The following figures show the differences in BinaryNinja and the output of IDA is very close:

check_jni_password() before and after the obfuscation
Section of SecretString::check() before and after the obfuscation

When to use it?

You should trigger this pass on structures that aim at containing sensitive information. It might be also worth enabling this pass on the JNIEnv structure for JNI functions involves in sensitive computations.

How to use it?

You can trigger this pass by defining the method obfuscate_struct_access in the configuration class file:

def obfuscate_struct_access(self, _: omvll.Module, __: omvll.Function,
                                  struct: omvll.Struct):
  if struct.name.endswith("JNINativeInterface"):
      return True
  if struct.name == "class.SecretString":
      return True
  return False

In the current version, O-MVLL expects a boolean value but futures versions should also be able to accept an option on the access type (read or write). For instance:

if struct.name == "class.SecretString":
    return omvll.StructAccessOpt(read=True, write=False)

Implementation

This pass works with a first stage which consists in identifying the LLVM instructions: llvm::LoadInst and llvm::StoreInst.
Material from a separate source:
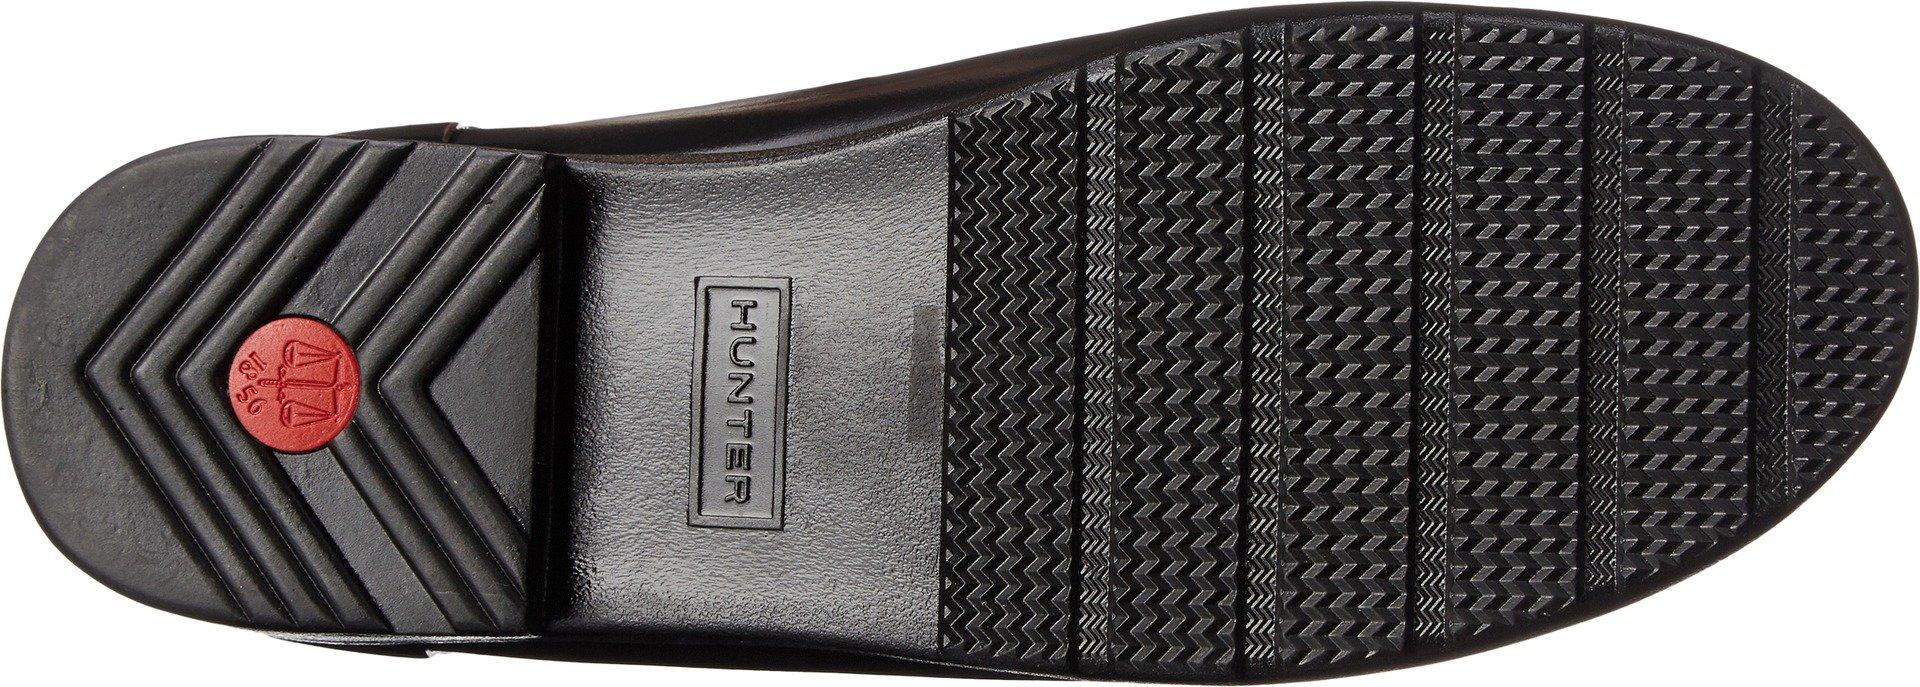 Hunter Boots Women's Original Refined Gloss Boots, Black, 5 B(M) US

Then, there is a processing of the operands for these instructions, to check if they are used to access the content of a structure or an element of a global variable. In such a case, it resolves the name of the structure or the name of the global variable and calls the user-defined callback to determine whether the access should be obfuscated.

Upon positive feedback from the user’s callback, O-MVLL transforms the access from this:

ldr x0, [x1, #offset];

Into that:

$var := #offset + 0;
ldr x0, [x1, $var];

Without any additional layer of protection, $var := #offset + 0; can be folded by the compiler which would result in the original instruction. To prevent this simplification, the instruction #offset + 0 is annotated1 to automatically apply Opaque Constants and Arithmetic Obfuscation on this instructions:

IRBuilder<NoFolder> IRB(&Load);

Value* opaqueOffset =
  IRB.CreateAdd(ConstantInt::get(IRB.getInt32Ty(), 0),
                ConstantInt::get(IRB.getInt32Ty(), ComputedOffset));

if (auto* OpAdd = dyn_cast<Instruction>(opaqueOffset)) {
  addMetadata(*OpAdd, {MetaObf(OPAQUE_CST), MetaObf(OPAQUE_OP, 2llu)});
}

Limitations

This pass would not resist against the Dynamic Structure Reconstruction technique presented by R. Rolles in the presentation mentioned in the introduction.

Nevertheless, it would require to use an AArch64 DBI which does not exist yet2.

References


  1. See the section Annotations for the details. ↩︎

  2. I personally worked on this support in Quarkslab’s QBDI but since I left the company this support is owned by Quarkslab. It might be published by Quarkslab though. ↩︎